Che succederà tra Bush e Saddam? "Purtroppo sarà difficile fermare la macchina da Guerra Americana una volta messa in moto, anche perché per me Bush tiene troppi botti, troppe armi  e penso che qualcuna la deve fa scoppià, almeno così crede di aiutare l'economia... Ma a me la Guerra, che l'ho vissuta, farà sempre schifo e quella poesia la chiusi così: ‘sulamente ‘ncoppe ‘e guarattelle, detta pazziànno da Pulecenélla, vo' sentì ‘sta parola; Uérra, Uérra!".

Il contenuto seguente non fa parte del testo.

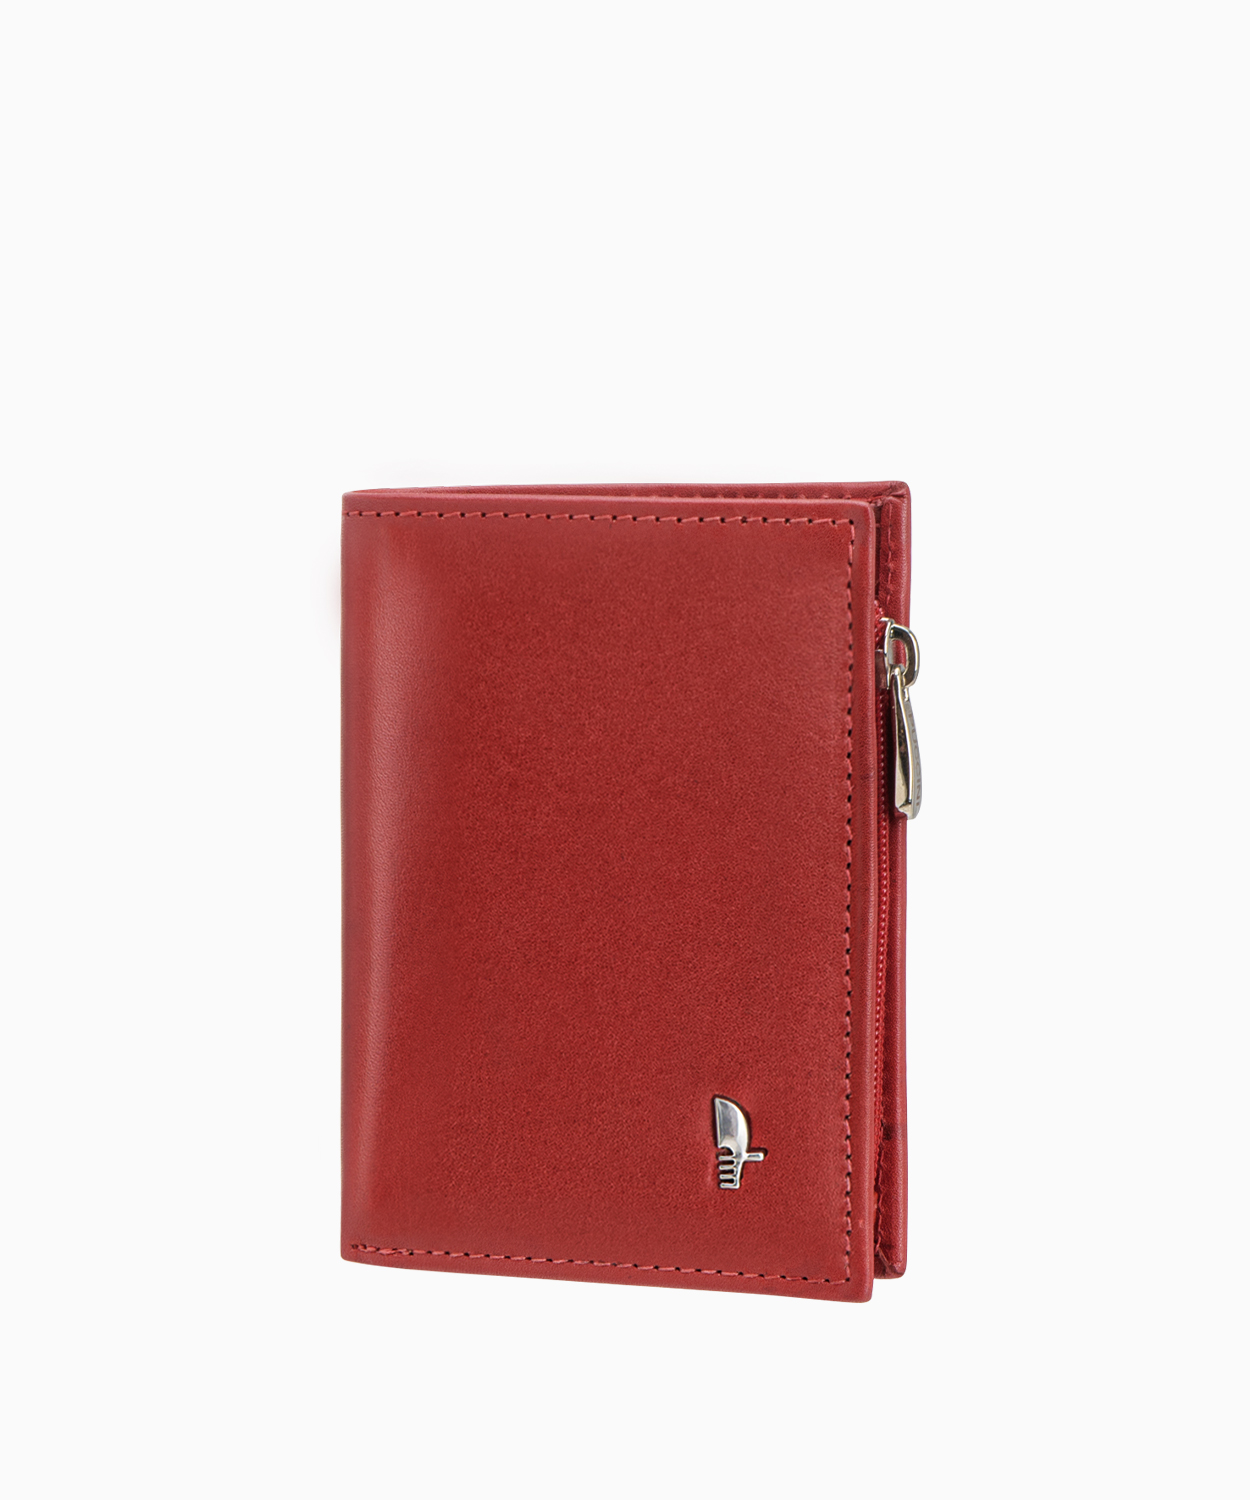 PUCCINI Damski skórzany portfel w kolorze czerwonym

A Nino fa schifo la guerra di Bush, ma per lui l'inquilino della Casa Bianca non è l'America. "Sti fessi di antiamericani che ci stanno in Europa non riescono a distinguere il governo dal popolo Americano. Non hanno capito che l'America è molto di più del suo governo. Il governo può prendere decisioni sbagliate ma i valori di questo paese restano alti e forti e saranno alla fine difesi sempre. Quello più grande? La libertà. Qui la senti veramente nell'aria, la respire la libertà, la tocchi, ti entra dentro. La forza che hanno qui i media è ineguagliabile, non hanno paura se devono arrivare a far sloggiare un presidente disonesto.  L'Italia avrebbe molto da imparare".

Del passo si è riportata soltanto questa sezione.